Can relations view_id use HTML render instead of text tokens?

How can I render HTML for relations custom recipe? I want to annotate relations in text which comes from HTML and without looking at actual rendered HTML it's not possible to annotate what goes where.

This is what I came up with but it shows spans instead of HTML even if there's html attribute together with text , and tokens attributes


import prodigy

from typing import Generator, TypedDict, Optional
import srsly
import bs4
from bs4 import BeautifulSoup, Tag
import en_core_web_sm

nlp = en_core_web_sm.load()

# from notebooks/prodigy.ipynb

def html_to_text(html: str) -> str:
    soup = BeautifulSoup(html, features="html.parser")

    # kill all script and style elements
    for script in soup(["script", "style"]):
        script.extract()    # rip it out

    # get text
    text = soup.get_text()
    return text

def body_only(html: str) -> Tag | bs4.element.NavigableString | None:
    soup = BeautifulSoup(html, features="html.parser")
    # kill all script and style elements
    for script in soup(["script", "style"]):
        script.extract()    # rip it out
    body = soup.find('body')
    return body

class Example(TypedDict):
    html: str
    text: str

def g(data: Example) -> Optional[Example]:
    body = body_only(data['html'])
    if body is not None:
        # Keep only body because page HTML breaks prodigy CSS
        example: Example = {"html": str(body),  # XXX 123 does not typecheck though
                            "text": html_to_text(body.get_text())}
        return example
    return None

def text_to_tokens(text):
    doc = nlp(text)
    id = 0
    tokens = []
    for tok in doc:
        # {"text": "My", "start": 0, "end": 2, "id": 0, "ws": true},
        t = {"text": tok.text, "start": tok.idx, "end": tok.idx +
             len(tok.text), "id": id, "ws": tok.is_space}
        # print(t)
        id = id + 1
        # break
    return tokens

def load_my_custom_stream(source: str = "b.jsonl") -> Generator:
    for data in srsly.read_jsonl(source):
        b = g(data)
        if b is not None:
            tokens = text_to_tokens(b['text'])
            yield {"html": b['html'], "text": b['text'], "tokens": tokens}

blocks = [
    {"view_id": "relations"}

    dataset=("Dataset to save answers to", "positional", None, str),
    view_id=("Annotation interface", "option", "v", str),
    source=("Source JSONL file", "option", "s", str)
def my_custom_recipe(dataset, view_id="html", source="./notebooks/b.jsonl"):  # TODO remove view_id
    # Load your own streams from anywhere you want
    stream = load_my_custom_stream(source)

    def update(examples):
        # This function is triggered when Prodigy receives annotations
        print(f"Received {len(examples)} annotations!")

    return {
        "view_id": "blocks",
        "dataset": dataset,  # Name of dataset to save annotations
        "stream": stream,  # Incoming stream of examples
        "config": {"blocks": blocks,
                   "labels": ["Within the", "Near the"],
                   "relations_span_labels": ["PATHOLOGY", "DESCRIPTOR", "LOCATION"]}

I think the tokeniser that you're using is generating a bunch of newline characters that you're not interested in, but the only way to confirm for me is to try and run this locally. Do you have a bit of data that you can share so that I may replicate your situation locally on my machine? It would also help to know the versions of the Python packages that you're using.
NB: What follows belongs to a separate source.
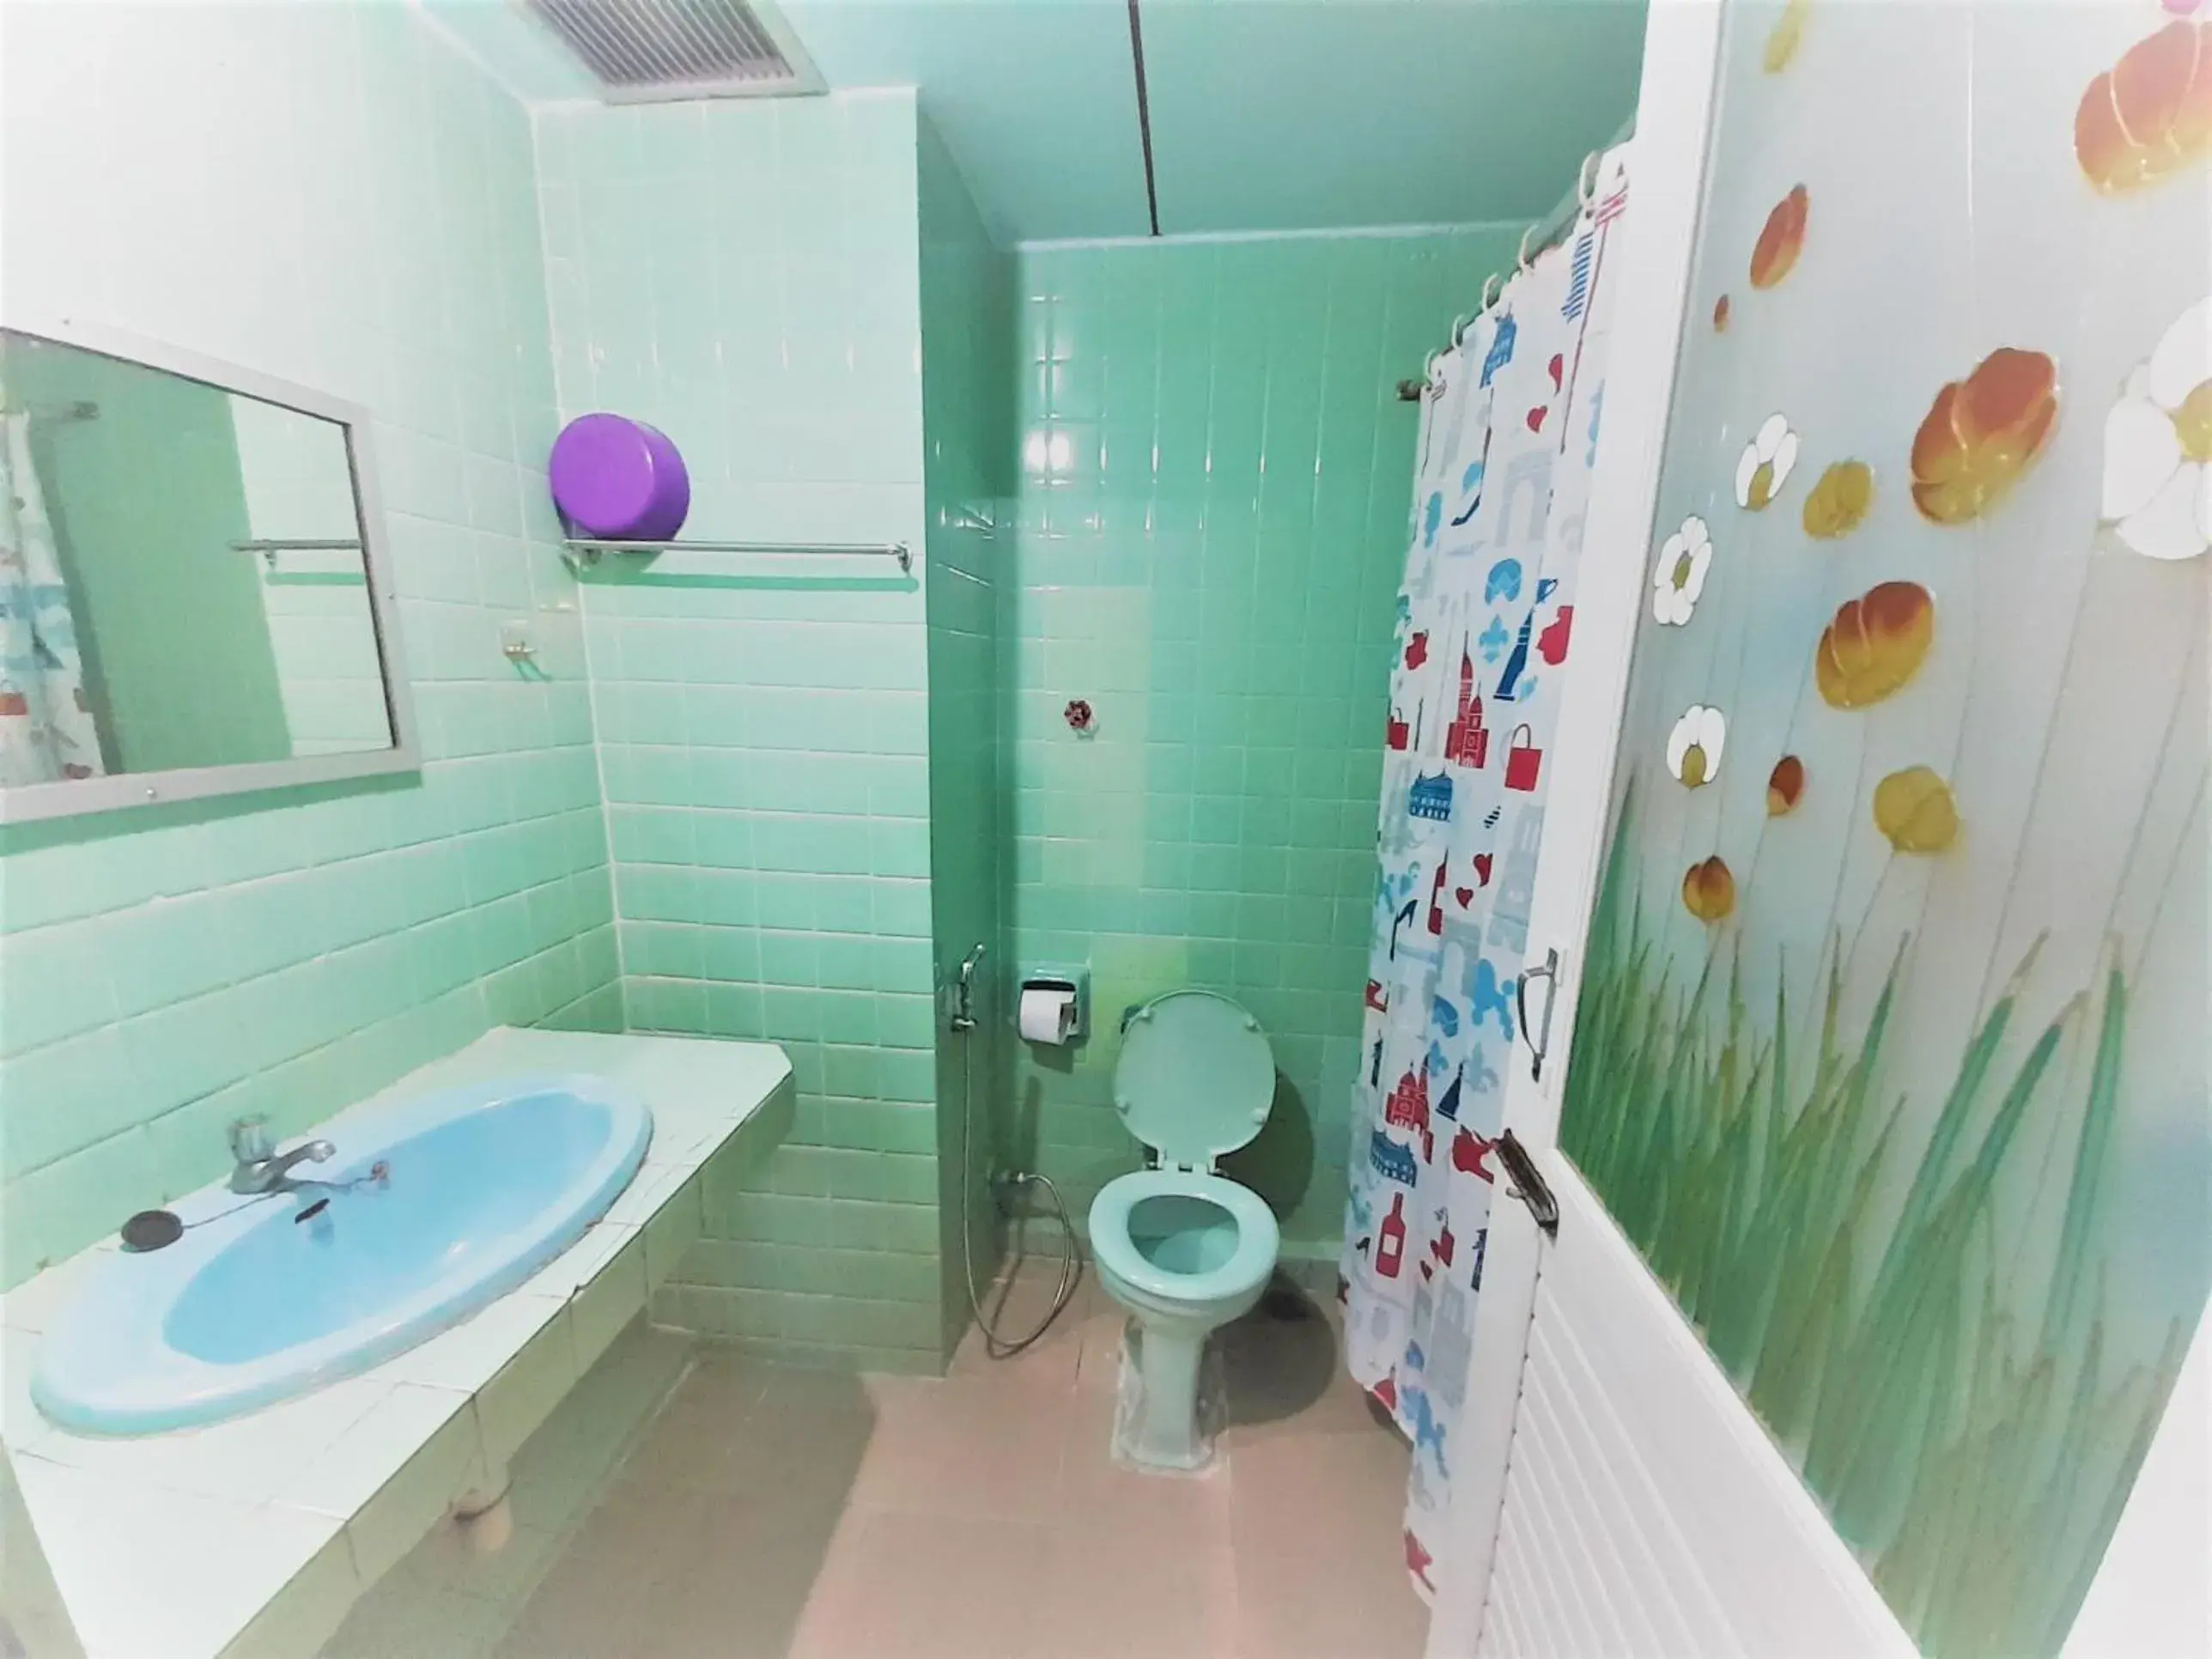 Bathroom in Singapore Hotel

Also, bit of a detail, you seem to have written your own text_to_tokens function. Prodigy also offers helpers for this, documented here:

@koaning thanks for helping with this! The problem is that I want to label relations on a rendered HTML and not on what relations provide for annotating in lines of text

If I could somehow hack relations to be able to tell it to use existing "div"s for clicks for annotating relations that would be perfect :slight_smile: @ines is something like that possible at all?
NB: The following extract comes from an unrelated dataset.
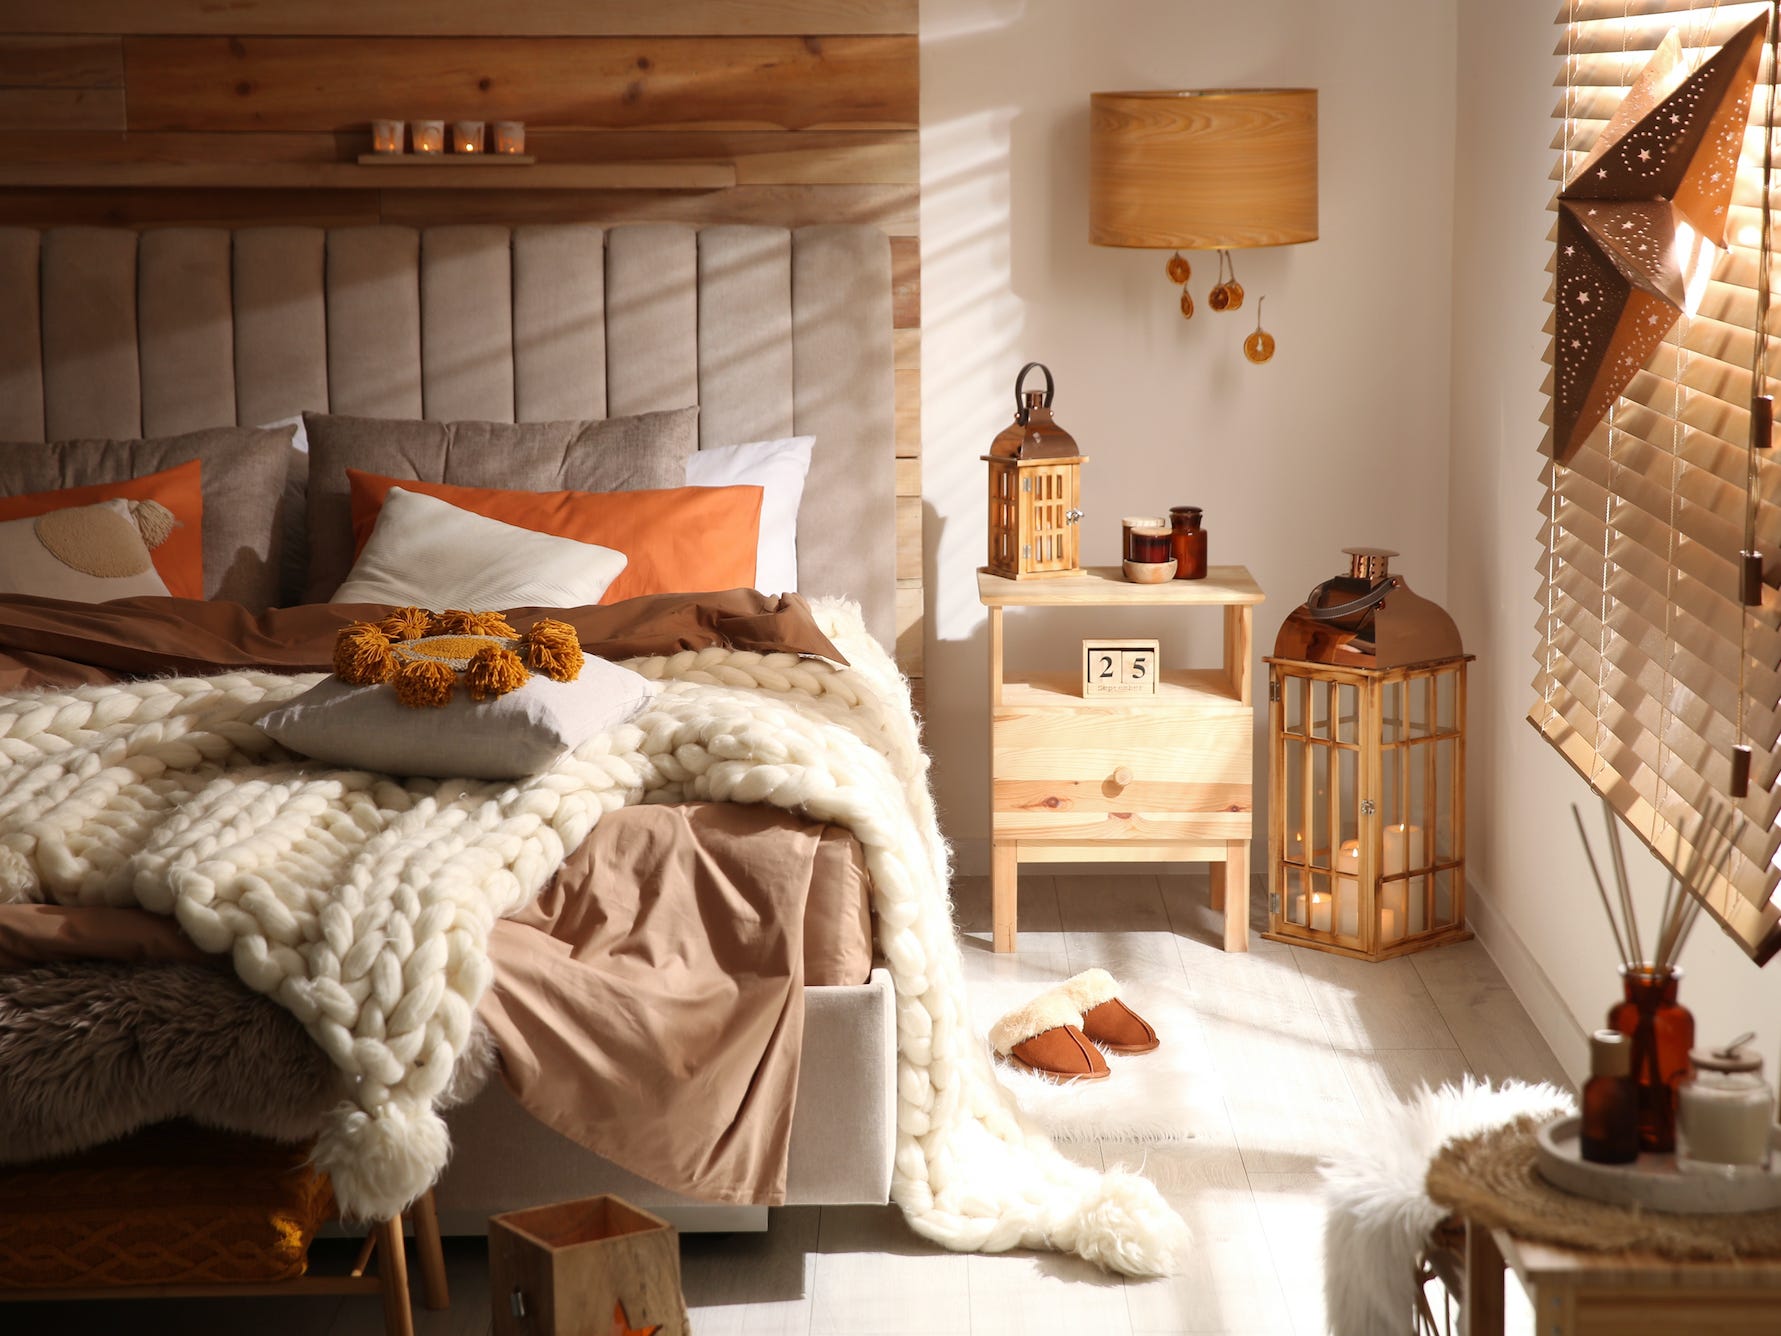 Gemütliches Boho-Schlafzimmer mit hellem Holz und orangefarbenen Dekordetails

I've created repro for all of this here

Oh, nice, thank you!

TBH, it took me about 4 hours trying to make prodigy do what I want and then I gave up and coded a chrome extension which lets you just click divs and annotate relations in about an hour. Its a pitty because I would love to stitch prodigy with more sophisticated scenarios like this :confused:

Ahhh, that makes your goal a lot clearer to me. Unfortunately, that's not something that Prodigy allows you to do with it's base recipes right now. It might be interesting to toy around with a custom tokeniser for HTML, but eventually you'll hit issues with that later down the road as well because of how nested HTML can be in general. If you're interested in selecting a component, you'd want to select the opening <div> tag as well as the </div> closing one.

Could you elaborate a bit more on the task though? What kinds of html elements are you trying to link?

If this is open sourced I'd love to have a look at it. I can't make any promises, but after v1.12 we'll be looking at some new interfaces for Prodigy v2 ... and having one for HTML certainly sounds like something worth considering.